I'm always abit amazed watching a harvester take a standing tree and turn it into a pile of brush and logs in 15 to 30 seconds.


----------



## Kiwilogger (Jan 26, 2007)

The guy in the harvester is a learner. He normally drives the forwarder, but the harvester operator was on holiday. He had only been on it for about 5 days at that stage.

Still, he managed to cut up about 350 tonne per day. Not bad!


----------



## BC_Logger (Jan 26, 2007)

i would love to have one of those


----------



## woodfarmer (Jan 26, 2007)

it sure does a quick job at limbing, it must take a lot of practice to be proficient at it


----------



## GLM (Feb 3, 2007)

Nice vid Kiwi, great shots!


----------



## .aspx (Feb 12, 2007)

Bad-:censored: f:censored:ing video!

I'm guessing that it takes awhile to learn how to operate one of this things.


----------



## shokidq (Feb 12, 2007)

.aspx said:


> Bad-:censored: f:censored:ing video!
> 
> I'm guessing that it takes awhile to learn how to operate one of this things.



not really, the problem with them is they keep breaking down or at least the ones from the mid late 90's did when we owned them. went through 4 measuring wheel cables in the head in one day and 2 days for new ones to arrive. we owned a valmet 901 4 wheel which averaged downtime of 4 days out of seven but it still made us a profit although timber was still worth something back then.


----------



## Kiwilogger (Feb 13, 2007)

The waratah's don't break down. This one is 4 years old, and apart from a new computer (2 days lost), the odd calibration problem (operator error) it has been totally trouble free. The brand new one our boss bought 6 mths ago is pretty awesome. Its on a 30 tonne hitachi with a high and wide kit. Great machine.

If you can operate a knuckle boom loader well, then it really doesn't take much to learn. Processing under a yarder is fairly basic, felling with them requires a little more thought.

Big difference though between someone who can do the job, and a damn good operator.


----------



## ericjeeper (Feb 13, 2007)

*why bucking the firewood?*

why did he buck several pieces of firewood? was it to reset the measuring device?


----------



## shokidq (Feb 13, 2007)

Kiwilogger said:


> The waratah's don't break down. This one is 4 years old, and apart from a new computer (2 days lost), the odd calibration problem (operator error) it has been totally trouble free. The brand new one our boss bought 6 mths ago is pretty awesome. Its on a 30 tonne hitachi with a high and wide kit. Great machine.
> 
> If you can operate a knuckle boom loader well, then it really doesn't take much to learn. Processing under a yarder is fairly basic, felling with them requires a little more thought.
> 
> Big difference though between someone who can do the job, and a damn good operator.
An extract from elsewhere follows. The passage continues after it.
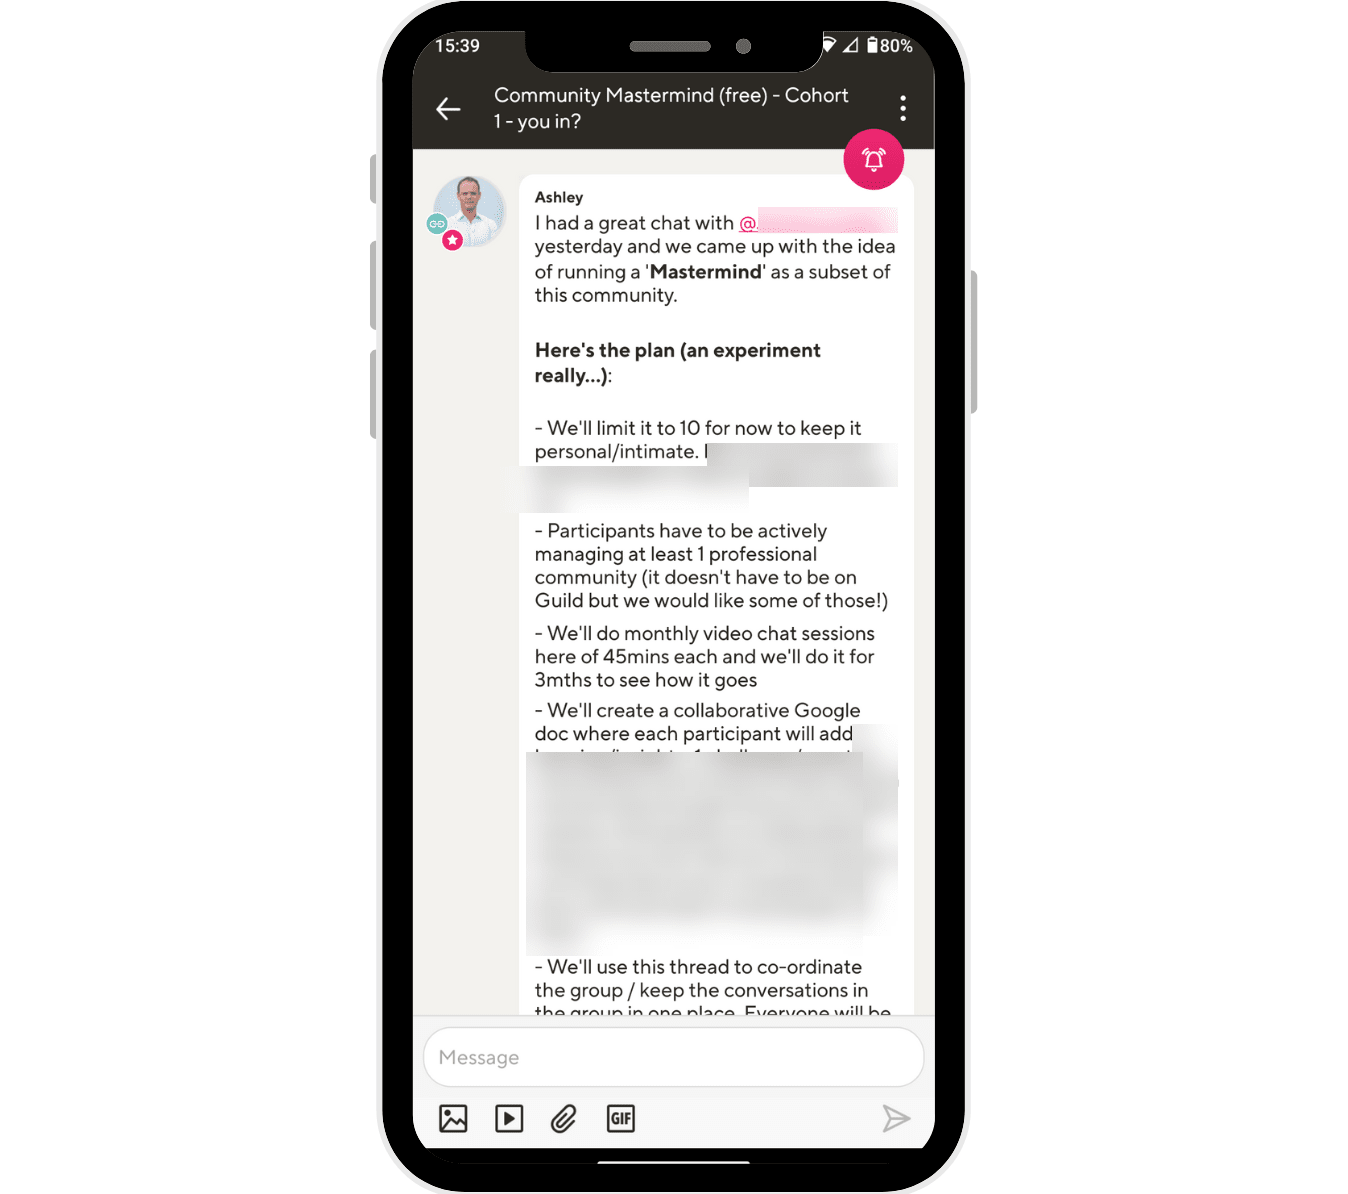 A mobile phone screen showing the Guild platform with a conversation on "Community Mastermind"

2nd that about the operators, we had a 1st thinnings larch/scots pine & sitka 2m & 3m lenghs with an extraction of 100yds and we were cutting more than twice as fast as the forwarder could extract it.


----------



## Kiwilogger (Feb 14, 2007)

ericjeeper said:


> why did he buck several pieces of firewood? was it to reset the measuring device?




Yep. You got it.


----------